Por Emilio Oñate Vera
Decano Facultad de Derecho y Humanidades, U.Central
En medio de la crisis del Coronavirus las distintas fuerzas políticas han acordado un nuevo itinerario electoral, el plebiscito del 26 de abril se traslada para el 25 de octubre y la elección de los convencionales constituyentes se fija para el 11 de abril del próximo año, lo que además modifica el calendario de las elecciones municipales y de gobernadores regionales y desde luego el plebiscito de salida o ratificatorio del nuevo texto constitucional. Pero más allá de los cambios de fechas, en la actual crisis sanitaria conviene reflexionar sobre la situación que nos afecta y como la norma jurídica fundamental constituye un instrumento eficaz para adoptar medidas que salvaguarden a la población.
En efecto, la Constitución consagra entre los artículos 39 y 45 los denominados Estados de Excepción Constitucional, que habilitan a la autoridad, concretamente al Presidente de la República, a afectar el ejercicio de los derechos y garantías que la constitución asegura a todas las personas cuando exista guerra externa o interna, conmoción interior, emergencia y calamidad pública. En el actual contexto el gobierno ha decretado estado de catástrofe, cuya causal es la calamidad pública, en este caso la situación del COVID-19. A lo menos dos reflexiones son posibles de abordar aquí, la primera, ¿se justifican los estados de excepción como instrumentos que habiliten a la autoridad para restringir o afectar derechos fundamentales?, concretamente los de locomoción, reunión y también propiedad, lo claro es que los intereses o bienes jurídicos controvertidos son el orden público o la seguridad de la nación por un lado y los derechos y garantías constitucionales por el otro. Desde esta perspectiva la Carta regula esta excepcionalidad gradualmente (hay estados de excepción con más y menos limitaciones) y de manera general, evitando con ello la arbitrariedad del Presidente para adoptar estas medidas, mayor espacio para la deliberación sin control habría si es que no estuvieran claramente determinados estos mecanismos ni señaladas expresamente las causales que los sustentan, en definitiva al ser excepcionales y por situaciones extremas, precisamente para salvaguardar el interés general, los estados de excepción constitucional se justifican.

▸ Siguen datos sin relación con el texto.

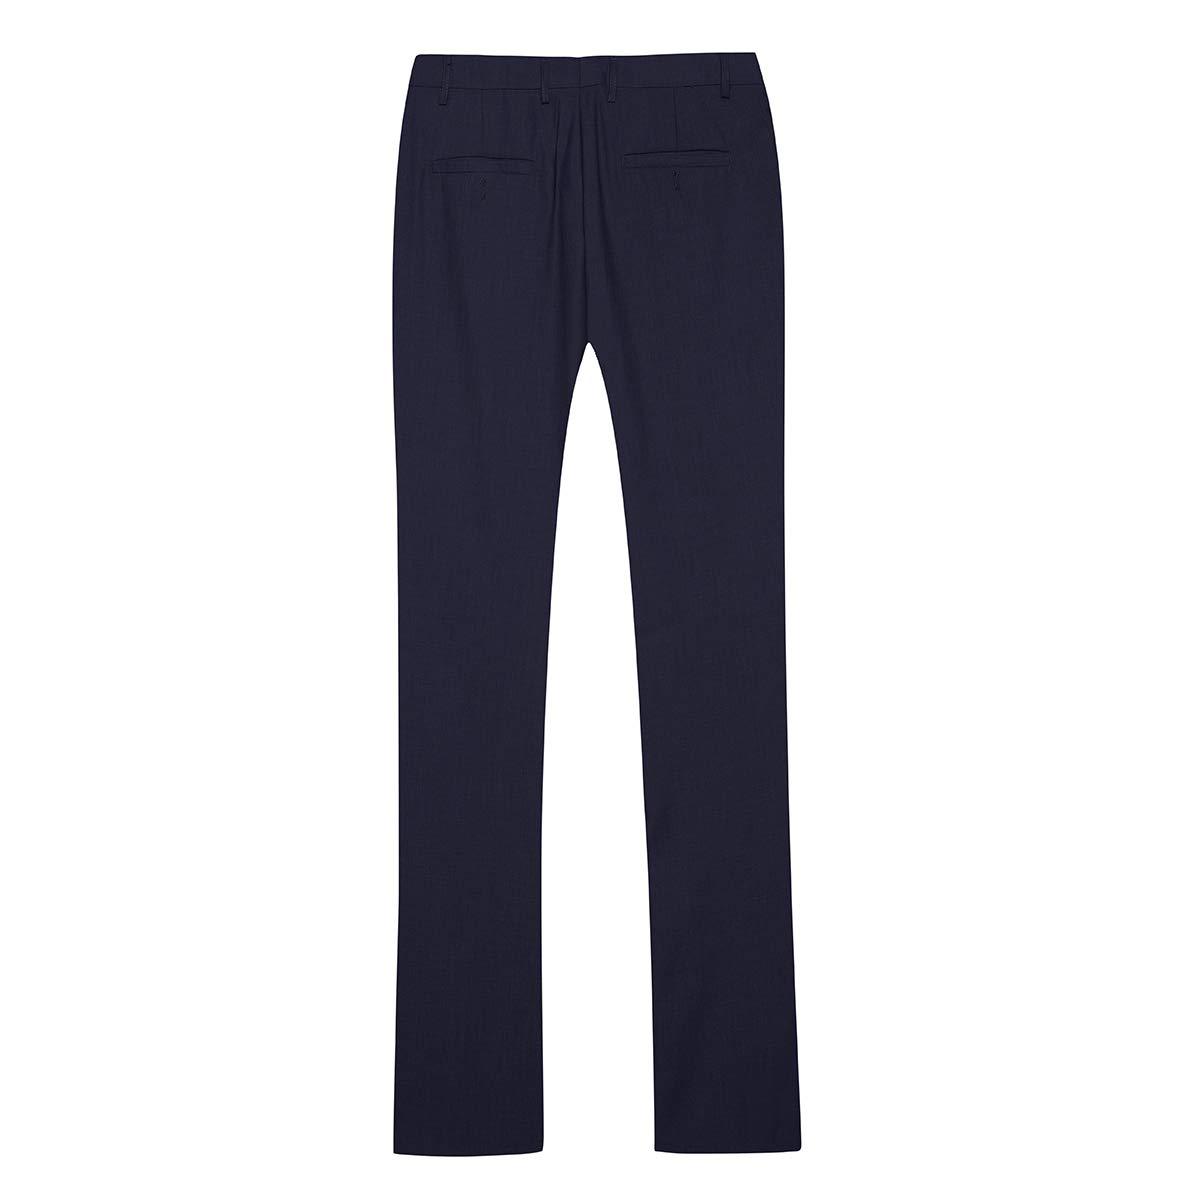 Trajes Youthup Traje Para Hombres Blazer Y Pantalones Elegantes Trajes Para Hombre De Vestir Ropa Diendanraovat Vn

Lo segundo, es que corresponde a la ley y especialmente a la actuación administrativa el aterrizar estas facultades constitucionales otorgadas, por lo que sostener que la Constitución se anticipe a los posibles supuestos que configurarían, por ejemplo una calamidad pública que afecte la salud o el medioambiente no tendría ningún sentido, la Constitución es por esencia una norma general, siendo especialmente la actividad reglamentaria, con la habilitación constitucional y legal, la que deba enfrentar de manera progresiva los acontecimientos que justificaron la excepcionalidad.

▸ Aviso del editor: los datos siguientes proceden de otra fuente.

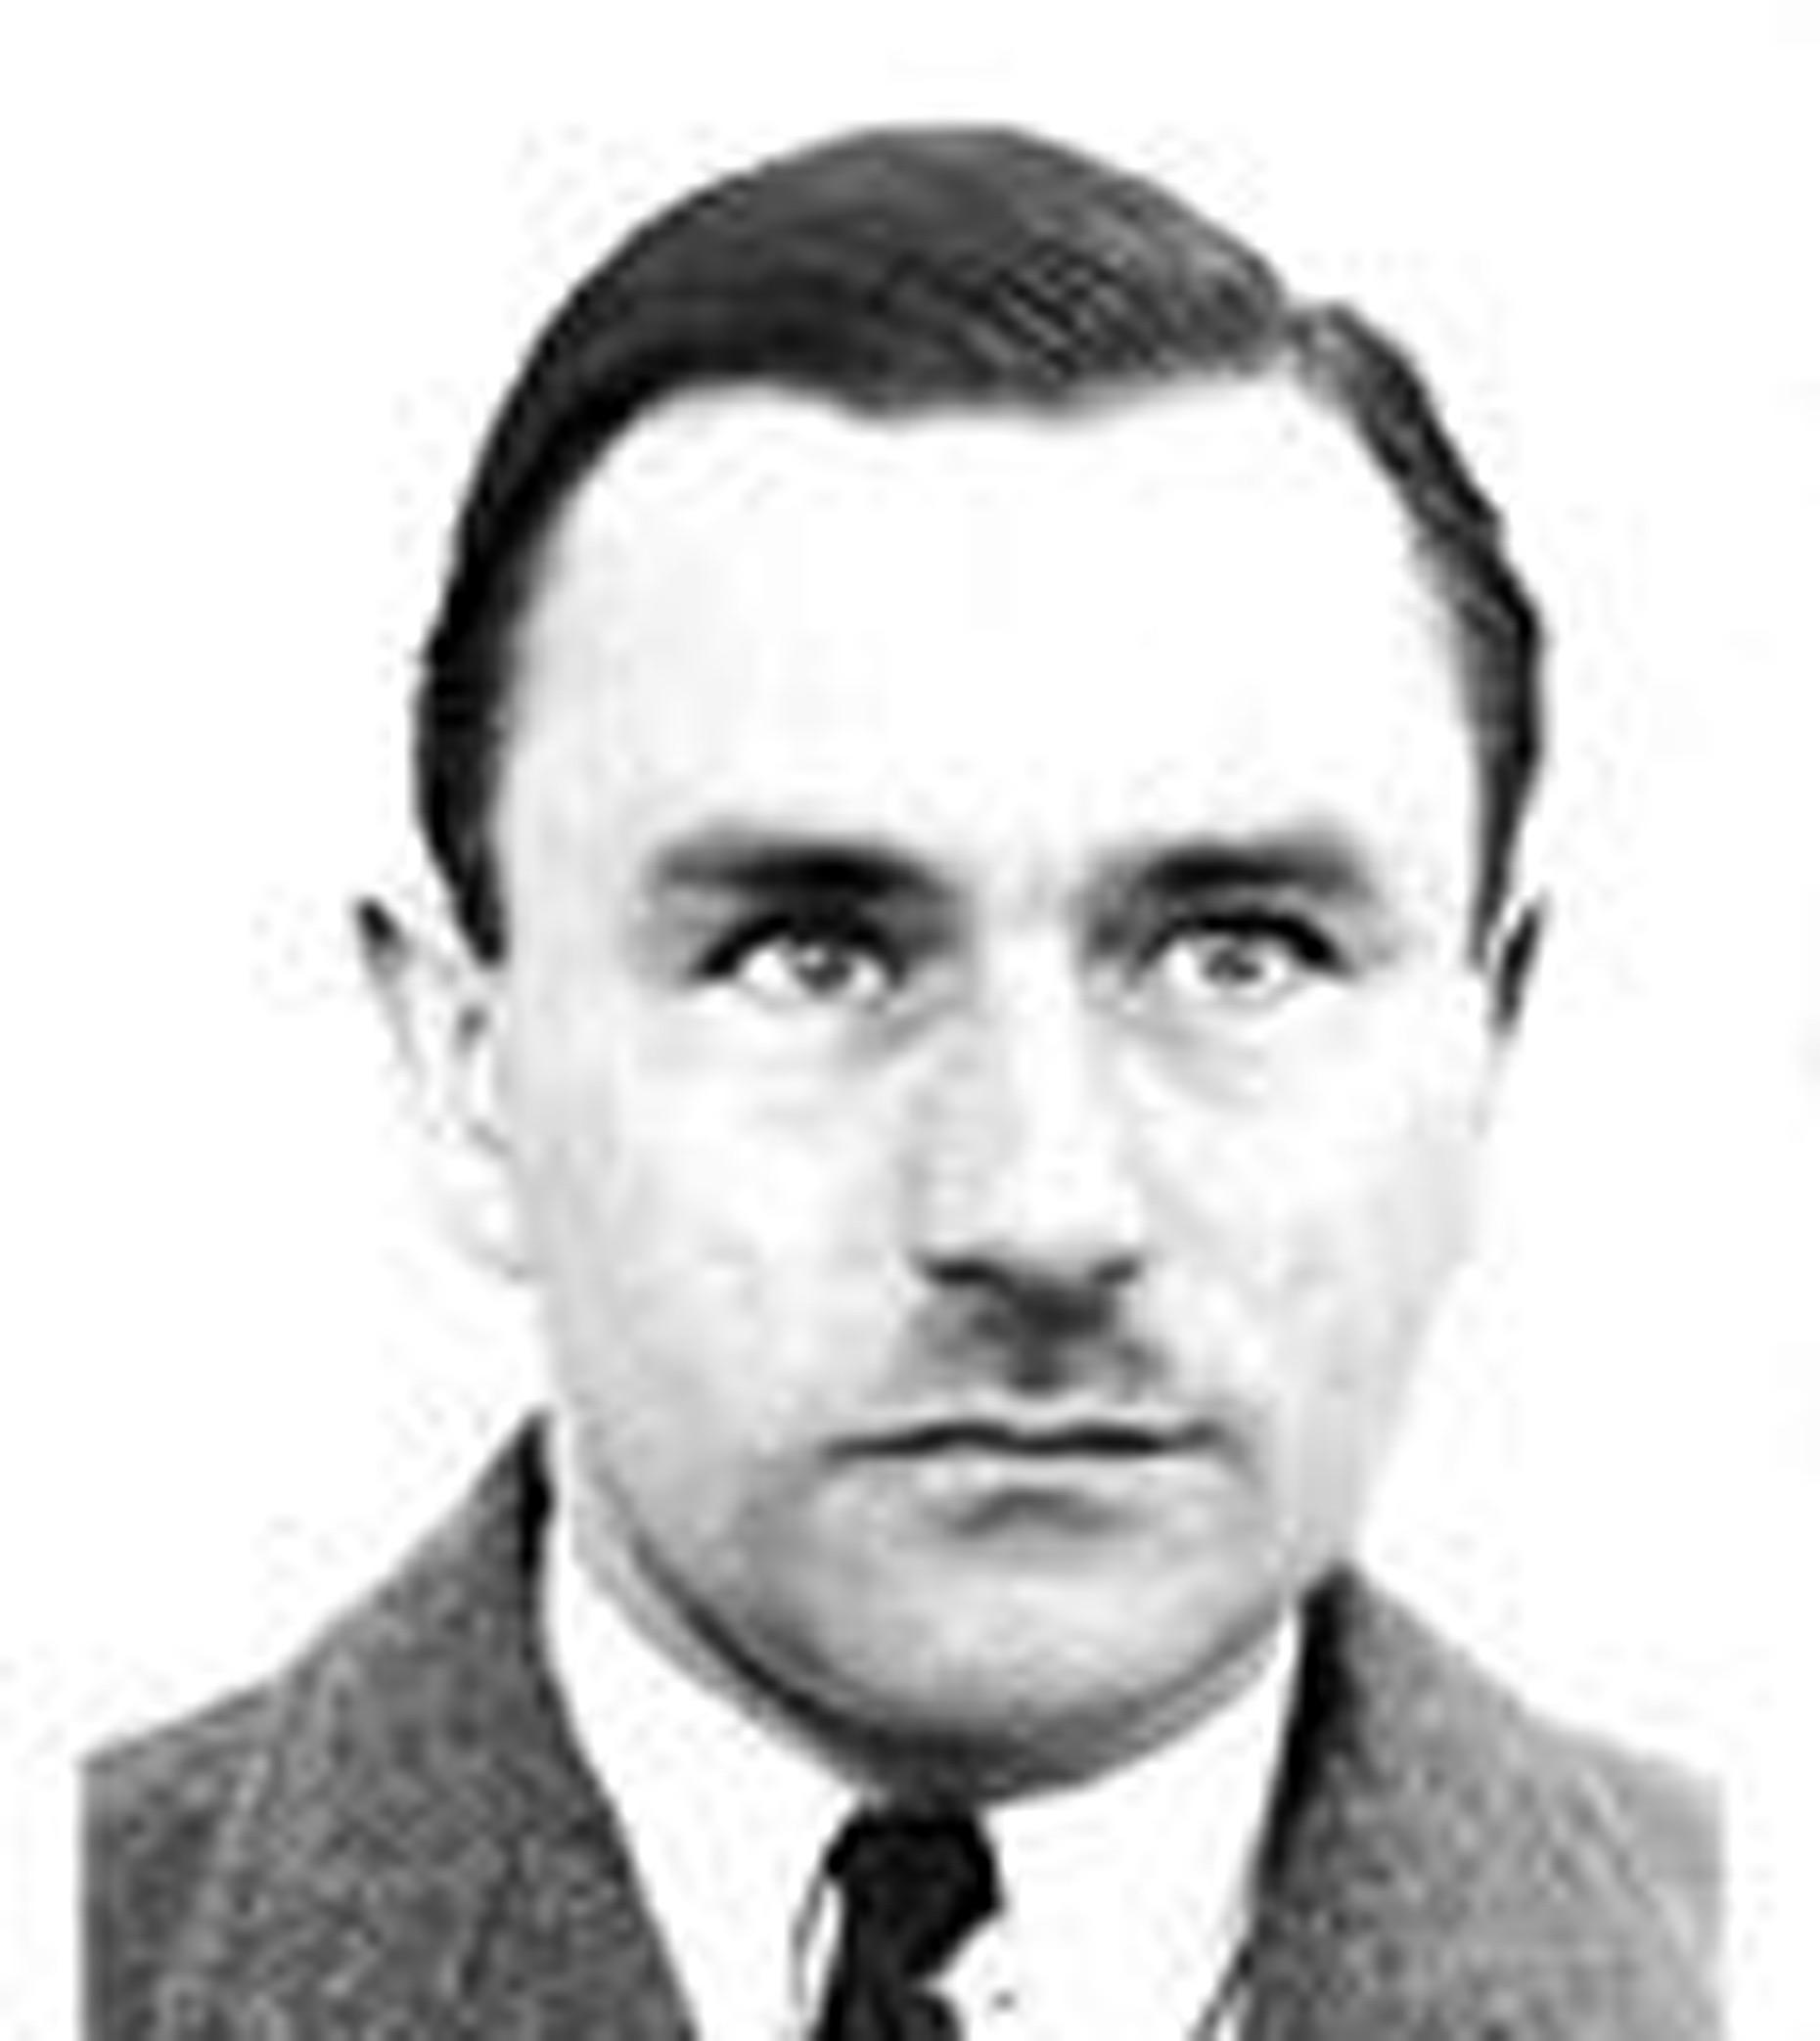 Police photograph of John Haigh (1949)

Algo muy importante; estas actuaciones de la administración, especialmente en un Estado de derecho requieren un exhaustivo control por parte del Congreso Nacional, el que no solo debe ser informado de las acciones emprendidas si no que debe verificar que en el ejercicio de estas no se traspasen los límites que la Constitución ha dispuesto.
Como se puede apreciar, delimitar las actuaciones que la autoridad adopte para proteger a la población en estos momentos de pandemia, las que inciden directamente en nuestra cotidianidad, a diferencia de lo que algunos plantean, es una buena oportunidad para reflexionar sobre la pertinencia o no de los estados de excepción, pero por sobre todo es un privilegiado espacio para repensar los alcances, contenidos e importancia de una nueva Constitución.